# In the very early stages of considering career changing



## timbo (Sep 18, 2005)

Hi everyone, I'm new to the board although I have browsed here very occasionally.  

Anyhow I graduated college with a degree in business and management, and am currently attending law school. I can't say that I'm dissatisfied with law so far, but at the same time I keep thinking that before I continue and dump a ridiculous amount of money into law school I should make sure this is something I want to do, or there is nothing I want to do better. Which is what brings me to this forum.
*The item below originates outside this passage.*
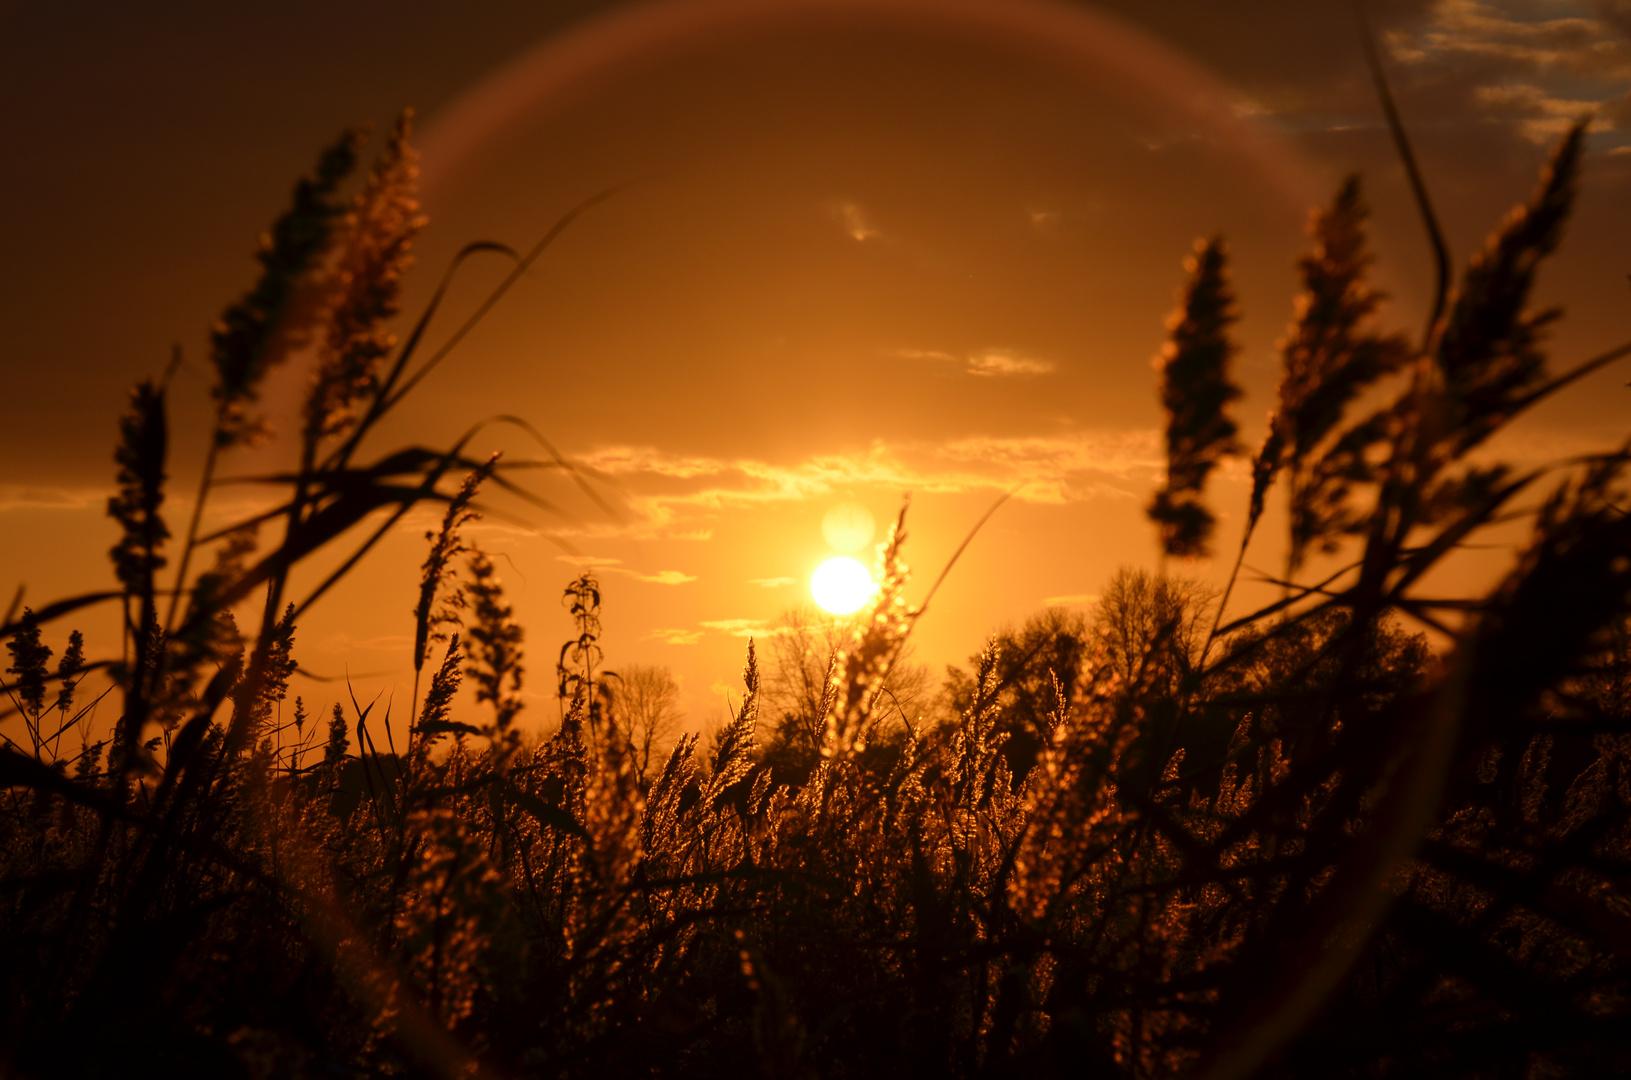 Sonnenuntergang im Schilf II

Cooking is something I have always enjoyed although I have not found time to do it very much in the last 5 years or so. Also throughout my life I have toyed with the idea of being a chef but never took it seriously. But it did always sound fun to me. Being older and a little wiser I now realize that I'm sure being a chef isn't all fun times or like when I would cook dinner for my family, but for some reason I always find myself drawn to it anytime I think about changing careers or considering other paths I could take in life. But I also have not been filled with a burning desire to be a chef all my life like a lot of people on this site seem to be. 

The thought of being a chef appeals to me, but of course the problem is I have absolutely no food service experience, even waiting tables, and I really do not have any advanced cooking experience either. I can make basic stuff, and I can do a few mildly complex dishes or baking, but I know several non-foodservice people who's cooking skills far outweigh my own. 

So as I slowly feel out other career options when think about trying a career in culinary arts I find it both daunting and exciting. For the first time in 8 years I would be doing something I have absolutely no idea whether or not I would be good. Maybe I wouldn't have the sort of artistic creativity needed to be a good chef, or maybe I just wouldn't have the sort of coordination necessary to pull it off. The point is I'm very apprehensive even thinking about it, since the skills used would be those I have never used before with the possible exception of multi-tasking or mangement.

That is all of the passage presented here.